Until last summer, my management experience was limited to self-employment. Being promoted to team manager in a Fortune 500 company has been enlightening, requiring me to become a whole different type of leader. Based on feedback, I have attained success due to a few steadfast ideologies.
- I pride myself on being a source of knowledge for my team. Before becoming a manager, I performed the same duties as the staff I now oversee. I know their job, and I am able to disseminate information to them in an understandable manner that enforces the relevance to their everyday tasks. Surprisingly, not all corporate managers are familiar with the functions performed by their team. My team has confidence that I know what I am talking about. As a result, other teams/departments now come to my team for trusted answers.

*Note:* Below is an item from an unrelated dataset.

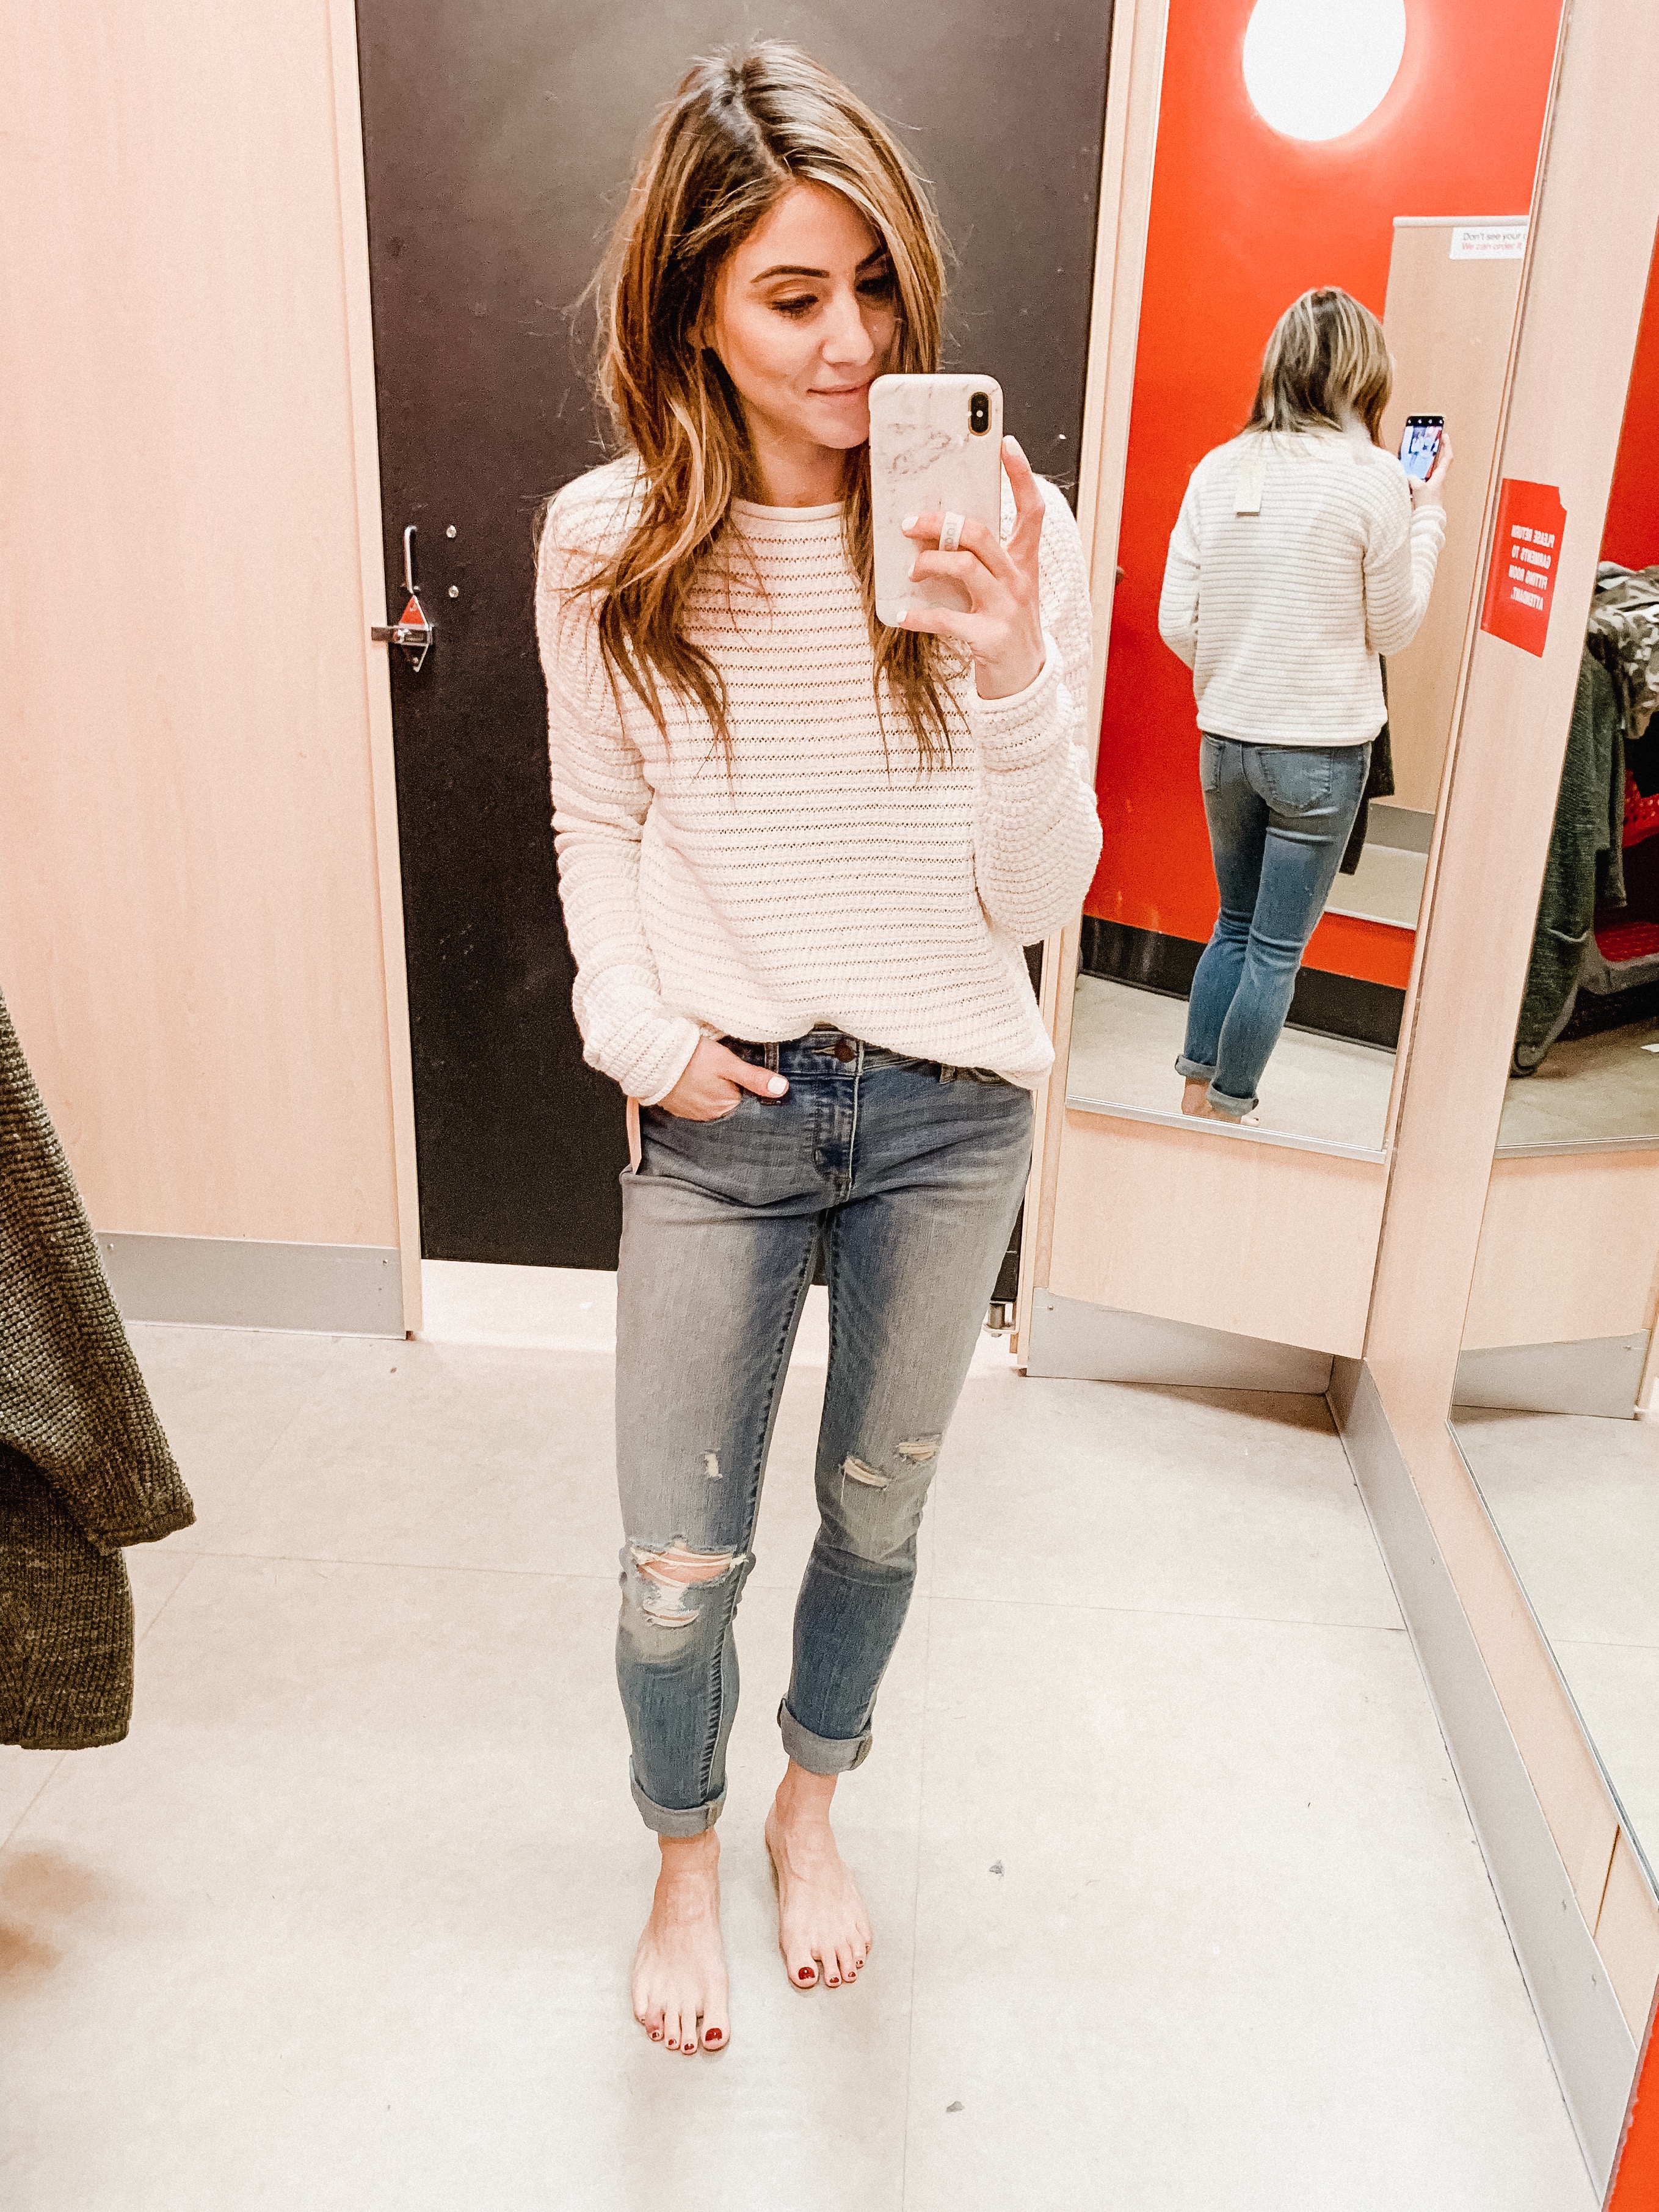 Connecticut life and style blogger Lauren McBride shares a January Target try on featuring outfits and home decor.

- I communicate my high but attainable expectations to my team. And I make sure that I provide the tools and knowledge needed to excel. Our positions involve a fair amount of writing. While other managers settle for employee write ups that are unclear or difficult to decipher, I continually work with my team to improve their written verbiage and grammar. This will translate to more success for them in future endeavors, because written skills demonstrate competence and intelligence. My team knows that I truly want them to do well beyond this job, which encourages loyalty and the desire to perform at their best.

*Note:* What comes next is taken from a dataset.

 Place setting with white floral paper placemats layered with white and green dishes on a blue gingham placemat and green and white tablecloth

- Respect is an earned action. It is not a right afforded to anyone simply for having the title of Manager. It is earned through action and by treating my employees the way that I would want to be treated in their shoes.
- I believe that I empower my team. I do this by giving them confidence in their abilities, rather than babysitting them. I know their strengths, and when appropriate, allow them the freedom to showcase their competence while working to improve any areas of opportunity. One employee was an adequate performer on his previous team where all of his work was double-checked despite his work quality and tenure, causing him to second-guess himself. After moving to my team, he was allowed to finalize his own work, and with the resulting self-confidence, became the department’s top producer.
Different leadership positions require different styles, and I have made some mistakes along the way, but I’ve learned from them. Using what I know, I strive to bring out the best in my team every day.